→ **EXERCISE**:
Whenever a picture appears in the listing below, leave it out, and copy exactly the lines from the one containing "台中活動》中山73影視藝文空間11月片單與臺中國際女性影展" through the end.

→ **RECORDED DATA**:

★ ★ ★ ★

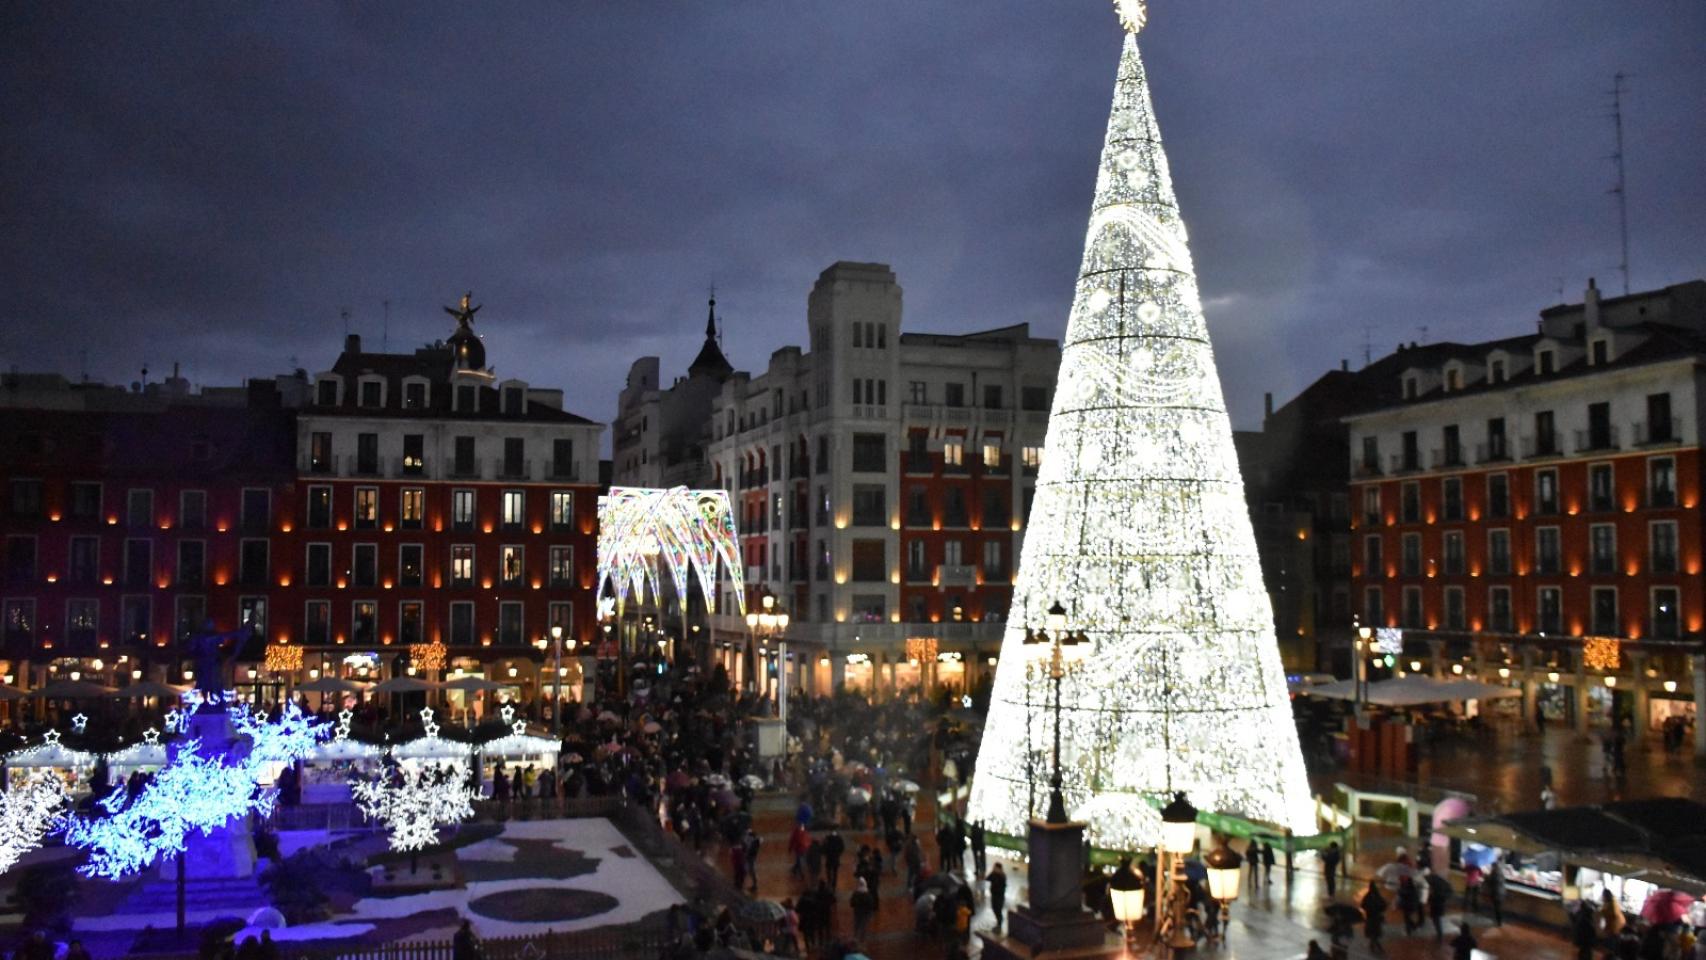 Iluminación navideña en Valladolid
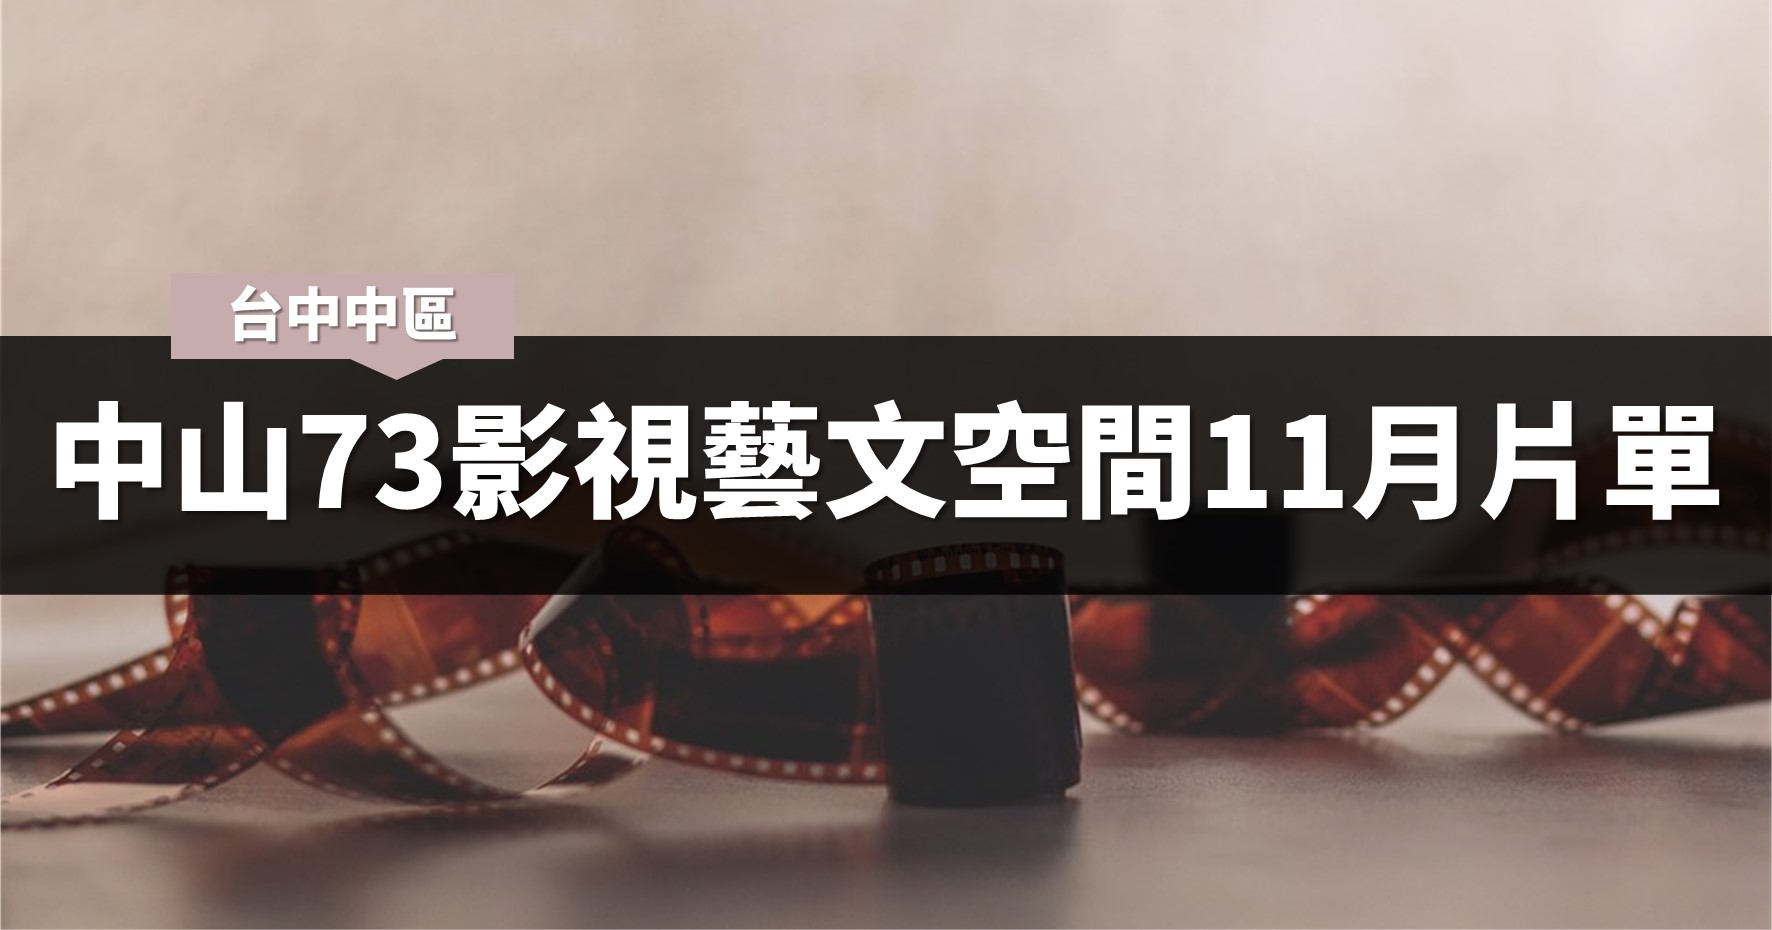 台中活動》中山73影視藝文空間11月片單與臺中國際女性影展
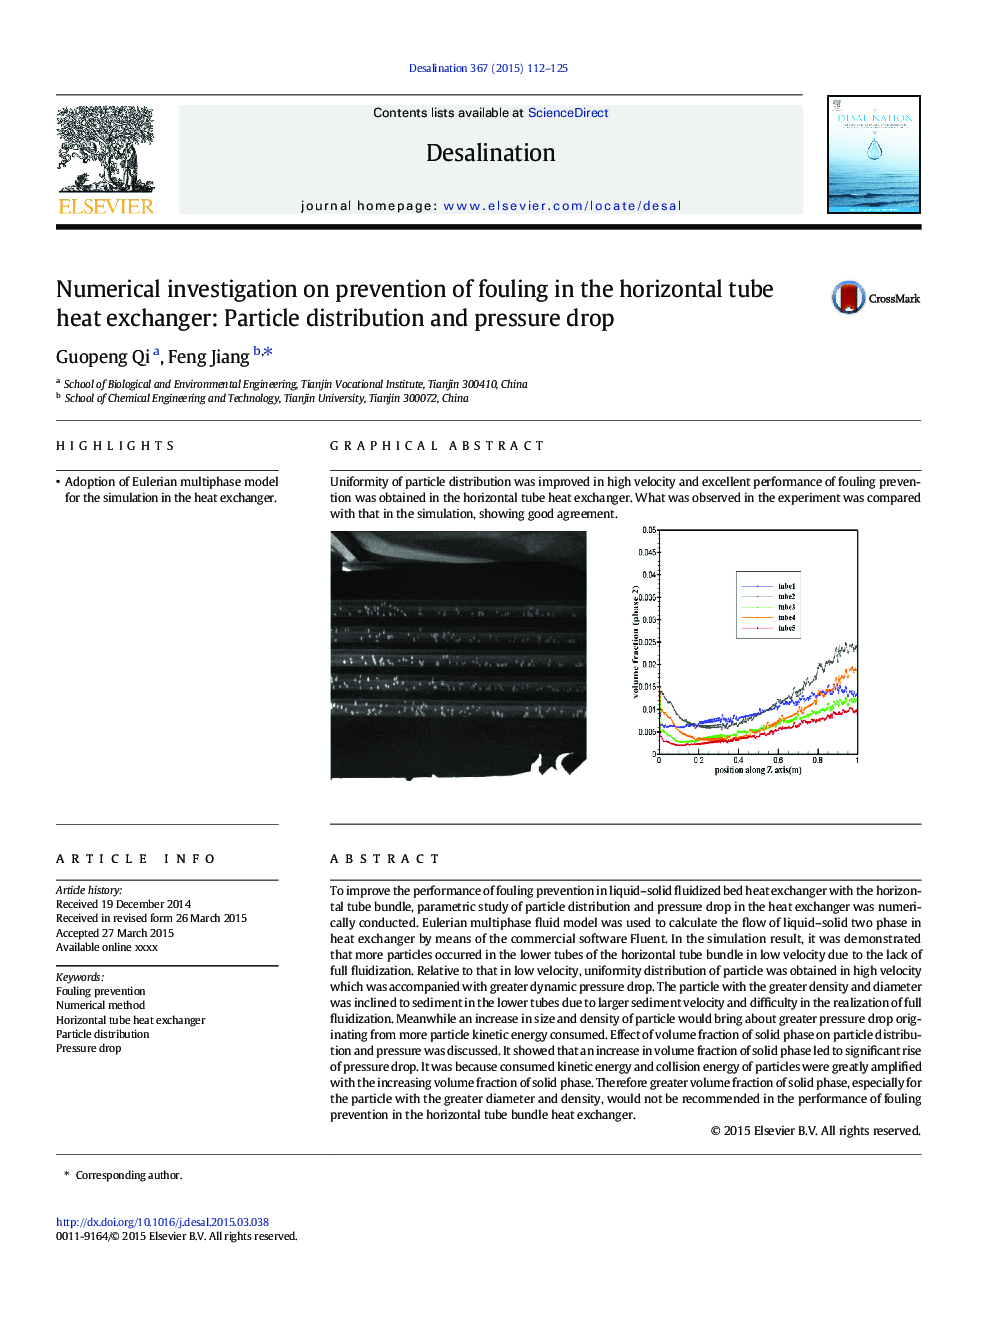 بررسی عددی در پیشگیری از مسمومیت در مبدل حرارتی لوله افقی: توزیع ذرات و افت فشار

★ ★ ★ ★

→ **WRITTEN REPLY**:
 台中活動》中山73影視藝文空間11月片單與臺中國際女性影展
 بررسی عددی در پیشگیری از مسمومیت در مبدل حرارتی لوله افقی: توزیع ذرات و افت فشار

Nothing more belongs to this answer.